What do AI voice agents and self-driving cars have in common? Brooke Hopkins, former head of technology at Waymo, argues that their performance can be evaluated similarly. Coval, a new Hopkins startup, is trying to do just that.
“When I left Waymo, I realized that many of the problems we were having at Waymo were exactly what the rest of the AI industry was facing,” Hopkins (pictured above, center) told TechCrunch. . “But everyone was saying this is a new paradigm and we have to come up with testing methods from first principles and basically everyone has to re-write everything. And I said, “Wait, we've spent the last 10 years trying to figure out how to make autonomous driving a reality.”
In 2024, she launched Coval, a platform that builds simulations to test and evaluate how AI voice and chat agents perform tasks, in the same way that Hopkins tested self-driving cars at Waymo. I decided to raise it. Coval can run thousands of simulations simultaneously, such as having agents make restaurant reservations or answer customer service questions asked through indirect methods.
Coval's technology evaluates agents based on a common set of metrics, but companies can also customize what they're looking for and continue evaluating regressions using Coval. Users can also capture this data and the insights it provides and provide it to end customers as a demo or monitoring tool to show them that their agents are working as intended.

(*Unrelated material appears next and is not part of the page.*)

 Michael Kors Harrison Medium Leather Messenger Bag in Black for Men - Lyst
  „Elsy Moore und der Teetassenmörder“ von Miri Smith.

“One of the biggest hurdles for companies to hire agents is that they have confidence that this is not just a smoke-and-mirrors demo,” Hopkins said. “Vendor selection is a very complex task for these executives, as it is very difficult to know what to request and even how to prove that these agents are doing what is expected. Because it’s difficult.’ And this allows our companies to really demonstrate and demonstrate that. ”
Hopkins actually developed the idea behind Coval during Y Combinator's summer 2024 batch, before launching the product to the public in October 2024. did. He said demand is strong and has exploded over the past two months, with customers asking how quickly they can get representation. It was evaluated.
The San Francisco-based startup announced a $3.3 million seed round led by MaC Venture Capital with participation from Y Combinator and General Catalyst. The startup will use the funding to strengthen its engineering team and strive to achieve product-market fit. Hopkins added that the company will also work on allowing users to evaluate other types of AI agents, such as web-based agents, in the future.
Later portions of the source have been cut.